Just a week after the European Central Bank (ECB) said it would implement unlimited bond buying to ameliorate the eurozone’s debt crisis, the US Federal Reserve announced on Thursday that it would launch a new round of bond buying at a pace of US$40 billion a month to prop up the economy in its own region. Most equities and commodities markets around the world moved higher on Friday amid the liquidity-driven euphoria, despite worries over a pickup in inflation expectations in the long haul.
The Fed’s timing on introducing the third round of quantitative easing (QE) was earlier than expected, although speculation about more easing measures had surfaced in recent months. The political factors associated with the upcoming US presidential election might have played an important role in pushing the Fed to make this decision sooner rather than later.
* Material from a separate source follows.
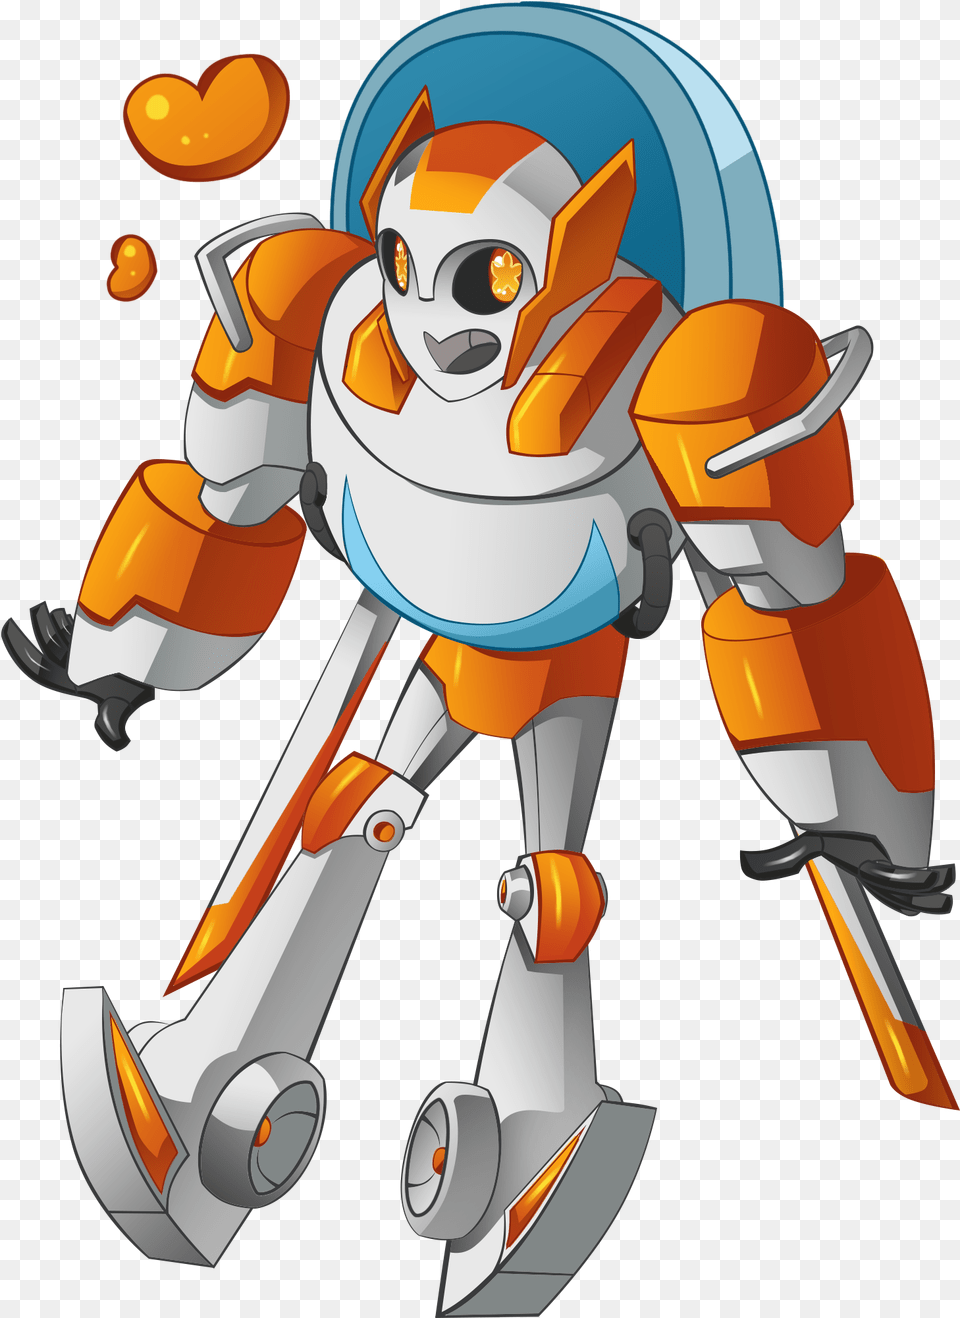 Rescue Bots Blades Keychain Rescue Bots Cats, Robot Png Image

The Fed’s latest plan to purchase US$40 billion in mortgage-backed securities each month in an open-ended effort tied to what happens with the US job market is more flexible than the previous two rounds of QE. This unusual move underlines the grave concern that the US’ central bank has for the state of the US economy, but it also raises questions about the effectiveness of the measure, uncertainties over how long it could last and worries about how high the excess global liquidity triggered by this move could rise.
On the one hand, QE3 could have positive impacts on global stock markets, including Taiwan’s, in the near term. In the previous two rounds of QE, the TAIEX showed an average increase of 17.34 percent in the following six months. One could therefore expect QE3 to have the same positive impact on the local stock market, albeit with a smaller benefit this time because of weakening macro-fundamentals, including the still-weak performance in most European economies and the slowdown in China.
On the other hand, if the Fed sustains QE3 for as long as the US economy remains weak, it could put downward pressure on the US dollar, cause higher appreciation expectations on other currencies and lure potential capital inflows into their markets. The downward pressure on the greenback could also push commodities prices higher — in the previous two waves of QE the Reuters/CRB commodity index increased by 27.9 percent and 19.2 percent respectively, and consequently stoked the risk of global inflation.
In other words, concerns over higher inflation risks might put pressure on Taiwan’s central bank to exercise more credit control to prevent asset bubbles from forming. The nation’s consumer price index already expanded at its fastest pace in four years last month due to sudden rises in vegetable and fruit prices. If industrial product prices also climb higher because of rising commodities costs, Taiwan’s inflation might accelerate above the government’s target, which in turn could delay further relaxation of monetary policies to boost the nation’s weak exports.
Moreover, with the Fed’s QE3 now in place, one should look to see if policymakers in emerging economies adopt intervention measures to pre-empt the potential negative impacts from a surge in capital inflows and currency exchange rates. This means that a global devaluation race could reappear as countries act to protect the competitiveness of their export-oriented industries. However, because the latest QE is open-ended in nature, such currency wars would likely pose a longer-than-expected threat to the full recovery of the global economy.
For Taiwan, the massive bond-buying programs instigated by both the Fed and the ECB will have some impact on the NT dollar’s exchange rates and therefore the central bank is facing a challenge in which it must balance the need to allow the currency to depreciate further to help domestic exporters and maintaining the currency’s strength to be able to fight inflationary pressure.